Les 30 juin et 1er juillet, l’association française Thinkers and Doers (« ceux qui pensent et ceux qui agissent ») a réuni à Essaouira environ 150 personnalités, issues du public et du privé, pour réfléchir à la définition et à la mise en place d’un nouveau contrat social entre institutions, entreprises et citoyens.
S’il est indéniable de souligner le rôle crucial du secteur privé dans la transformation des économies du continent africain, n’oublions pas les institutions publiques. Jean Monnet, l’un des pères de l’Europe, disait ainsi :« Rien n’est possible sans les hommes, mais rien n’est durable sans les institutions. » Ce sont elles les garantes du futur de l’Afrique, qui doivent être en première ligne dans la bataille pour la transformation sociale et la prospérité dans un Etat de droit.
Utopies créatrices
Parler de l’Afrique et de son « émergence » dans un forum en ne cédant pas à la facilité de saluer l’entrepreneur tout en pourfendant les institutions publiques, est devenu rare. La mode dans les discours actuels sur l’Afrique est de saluer le créateur de start-up et d’en faire le sauveur du continent.

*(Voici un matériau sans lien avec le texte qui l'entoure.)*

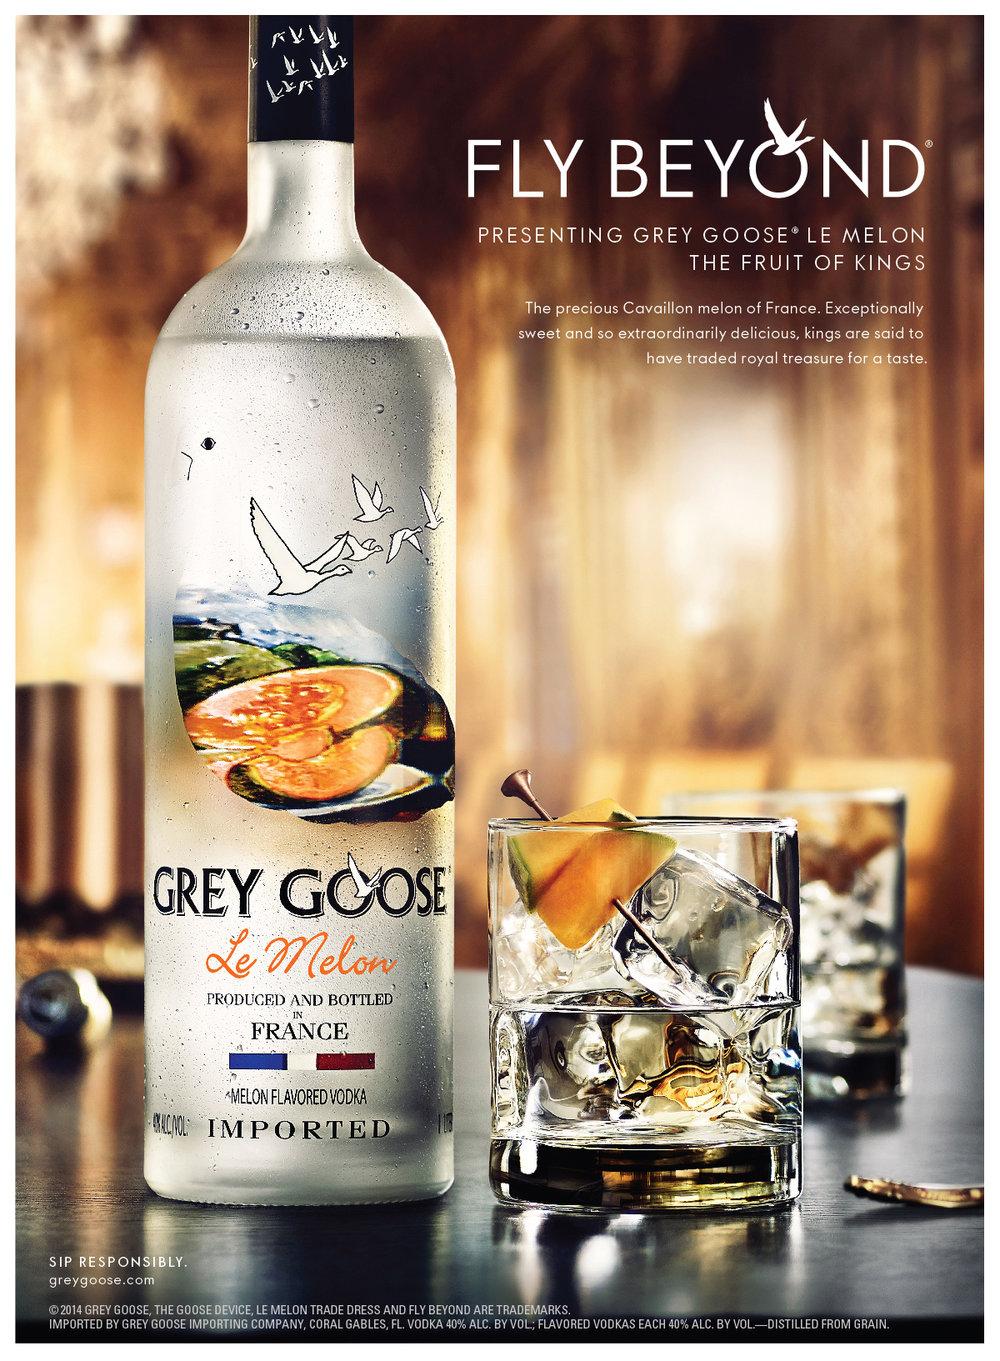 GREY GOOSE Le Melon Print Creative.jpg

Il y a des utopies créatrices à faire émerger du potentiel de la jeunesse africaine. Mais souvent la créativité et le besoin de construction d’un nouveau rêve africain sont pris en otage par le mythe de l’entrepreneuriat.
A Essaouira, il n’était pas question d’intimer à la jeunesse africaine de créerdes start-up. Au contraire, un discours complexe était décliné, notamment sur le lien nécessaire entre une puissance publique forte, des entreprises responsables et des citoyens impliqués au cœur des politiques publiques.
Le mythe de l’entrepreneur dans des pays faibles, corrompus, incapables de mettre en place des politiques publiques orientées vers la transformation sociale et sociétale, est un leurre. Il ne fait que retarder l’échéance d’une explosion sociale dans nos villes surpeuplées, où la précarité côtoie l’absence d’espoir de notre jeunesse.
Discours simpliste
Les états généraux d’Essaouira ont appelé à une transposition politique de la vitalité citoyenne et entrepreneuriale. L’extrême pauvreté, le terrorisme, le défi de l’éducation, les inégalités sociales, doivent trouver des réponses autrement plus complexes que la simple injonction aux jeunes « Créez des start-up ! ». Ce discours simpliste et faux est dangereux car il donne l’impression qu’on s’amuse avec le destin de millions de jeunes hommes et femmes dont on ne se sait pas quoi faire dans nos pays.
Les changements en Afrique n’adviendront pas en dehors d’institutions publiques qui doivent être les garantes de l’intérêt général et de l’égalité des citoyens, là où l’entreprise cherche d’abord à générer du profit.
En Afrique, les choses bougent : par la jeunesse, les avancées démocratiques et le potentiel économique. Le continent attire les convoitises d’une Europe qui cherche à maintenir son influence et ses parts de marché.
La sémantique du réveil de l’Afrique rejoint le regard nouveau que de nombreux jeunes africains, épargnés par le complexe colonial, portent sur le continent et sur eux-mêmes. Ce regard moins misérabiliste est le fait d’une dignité qu’ils ont et les pousse à être imaginatifs, innovants et entreprenants.
Mais, malgré cet optimisme, les institutions publiques comme les politiques font toujours face à une défiance en raison de leur incapacité à améliorer la vie des gens. Les déceptions succèdent aux alternances politiques – quand celles-ci adviennent. Les mêmes accèdent au pouvoir avec les mêmes méthodes qui conduisent aux mêmes impasses.
Un changement de leadership devient urgent pour faire émerger un « Etat plateforme », socle d’un nouveau contrat social avec le secteur privé et le citoyen. Ce pacte entre trois acteurs sera le laboratoire du futur africain, permettant l’éclosion des idées qui changeront le continent et mettront au service des politiques publiques l’innovation, la créativité et l’inventivité qui foisonnent au sein de la jeunesse.